Introduction: Cyberpunk 2077 Metro Map Laser-Cut LED Sign

About: Project Manager by day, Maker by Night. Based out of Milwaukee, Wisconsin. I make things based on the Geeky things I like.

If you like our work, please vote for this in the "Maps" contest! It would mean a lot to us!

Like just about everyone else in the world, we are so jacked for CyberPunk 2077 to come out. Ever since seeing the trailer and locking eyes with that Subway map...I knew I wanted to make it. I wanted to make it flicker light the trailer but still be an art piece for the house. This is what I came up with! I hope you like it!

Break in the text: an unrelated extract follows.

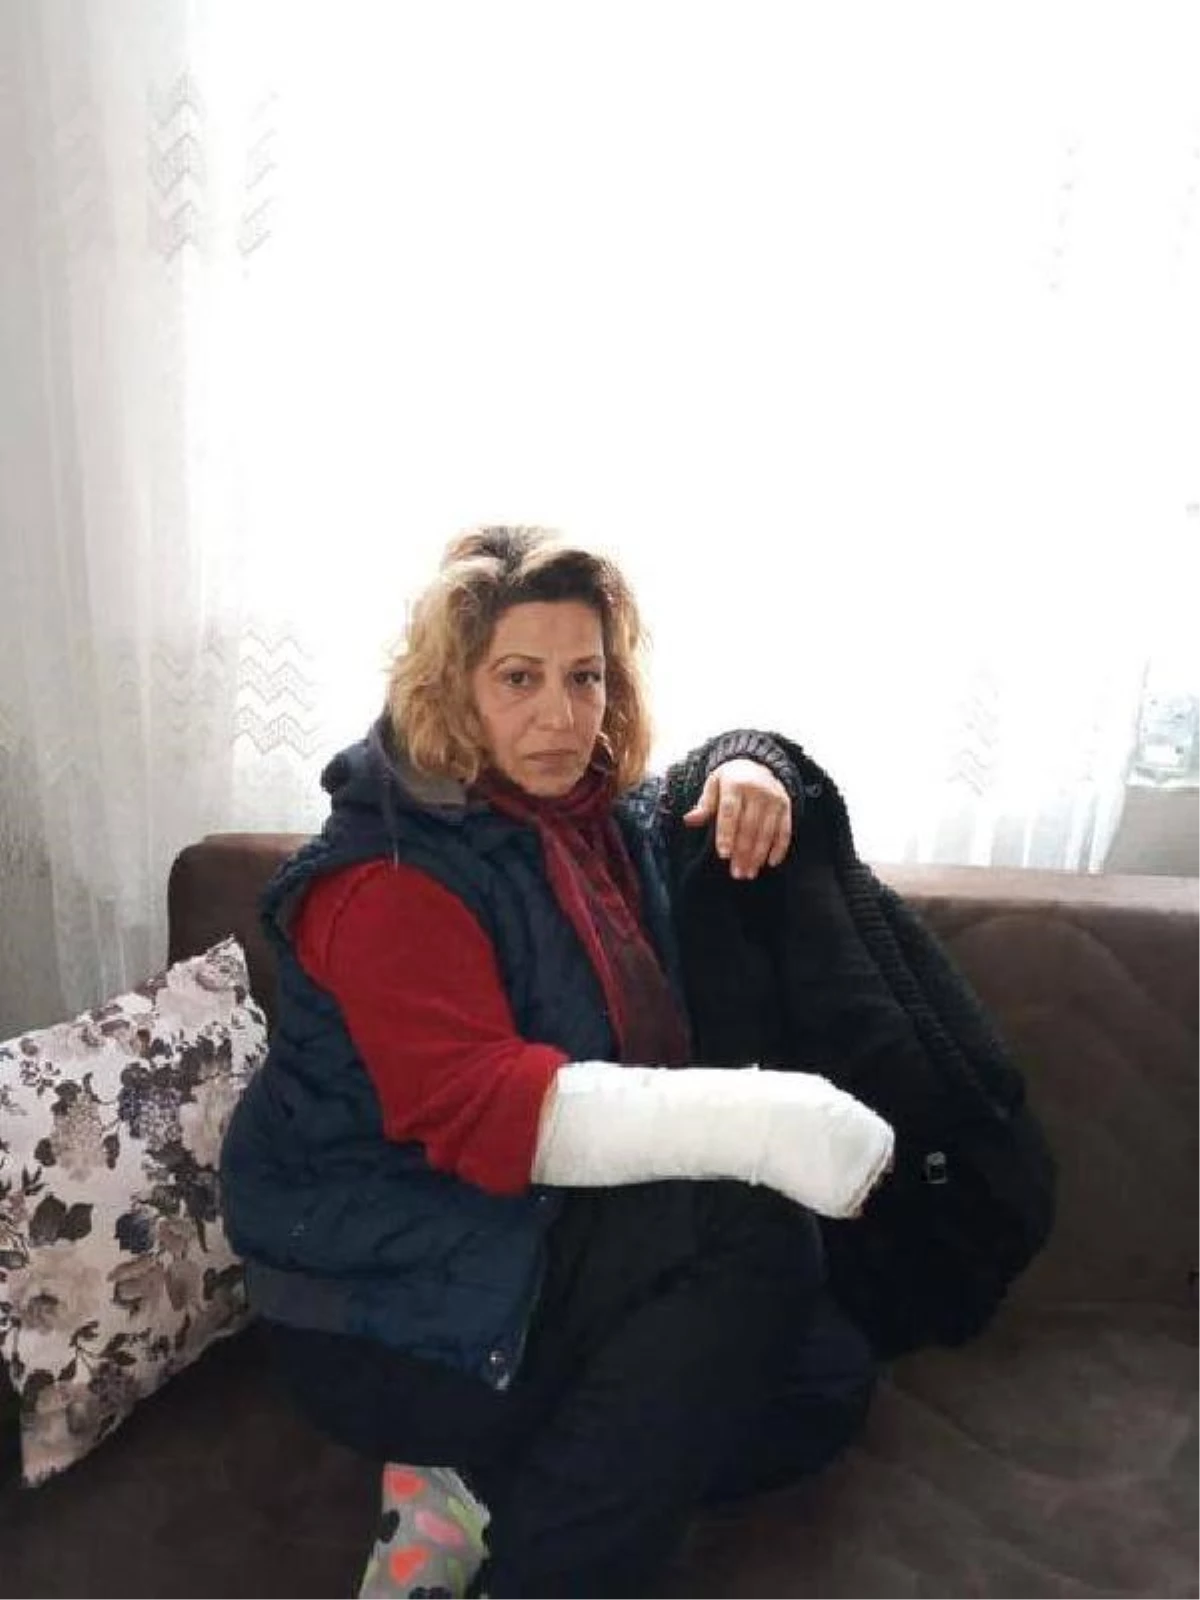 Köpeklerin saldırısından kaçarken düşen kadının el bileği kırıldı

We have moved all of our Laser Files to Patreon. If you would like access to ALL of our laser files moving forward, head over to For $2 dollars a month you get access to all of our laser files that have been shown in videos as well as some that never made it to youtube!


Below are Amazon Affiliate Links to tools used in this build. Using these links don't cost you any extra, they just help us feed the cats and leave the lights on:

What we did for lighting to make the Arduino Nano work with the 12V lights:

What we recommend is getting a 5v light strip so Mosfets arent necessary to power the lights:

Step 1: Laser Cut EVERYTHING

When designing this map, I wanted three clear acrylic panels spaced apart so lights can shine on them independently and for there to be room for the electronics to hide within the box.

For actual laser files, join us on

The file is made up of 4 parts:

  1. The Three Acrylic Panels - Made from 1/8th inch Clear Cast Acrylic - 0.115 inches thick actual - laser engraved in reverse for more depth. Cut with Glowforge Medium Acrylic Proofgrade settings:
    • Engraves
      • Engrave Speed - 1000
      • Engrave Power - Full
      • Lines per inch - 340
    • Cuts
      • Cut Speed - 170
      • Cut Power - Full
      • # of Passes - 1
  2. Inner Frame - Designed to hold the resin as well as the acrylic panels. Made from 1/8th inch thick Medium Draftboard - 0.135 inches thick actual - Cut with Glowforge Medium Draftboard Proofgrade settings:
    • Cut Speed - 170
    • Cut Power - Full
    • # of Passes - 1
  3. Outer Frame - Made to hold the Inner frame and give space for the electronics. Made from 1/8th inch thick Medium Draftboard - 0.135 inches thick actual - Cut with Glowforge Medium Draftboard Proofgrade settings:
    • Cut Speed - 170
    • Cut Power - Full
    • # of Passes - 1
  4. Veneer Exterior Pieces - Made to cover the boxes finger joints as well as provide a clean finished look. Made from Glowforge Proofgrade Adhesive backed Walnut Veneer - 0.041 inches thick actual. Cut with Glowforge Veneer Proofgrade Settings:
    • Engraves
      • Engrave Speed - 1000
      • Engrave Power - 71
      • Engrave Lines Per Inch - 340
    • Cuts
      • Cut Speed - 257
      • Cut Power - Full
      • # of Passes - 1

Step 2: Paint Anything That Has Been Engraved

  • Before removing the masking tape from the pieces, paint in all the engraves with white acrylic paint. (photos 1-3)
  • When the paint is dry, remove the masking tape (photo 4)
    • Clean the acrylic panels with a glass cleaner to remove fingerprints and streaks. (photo 2)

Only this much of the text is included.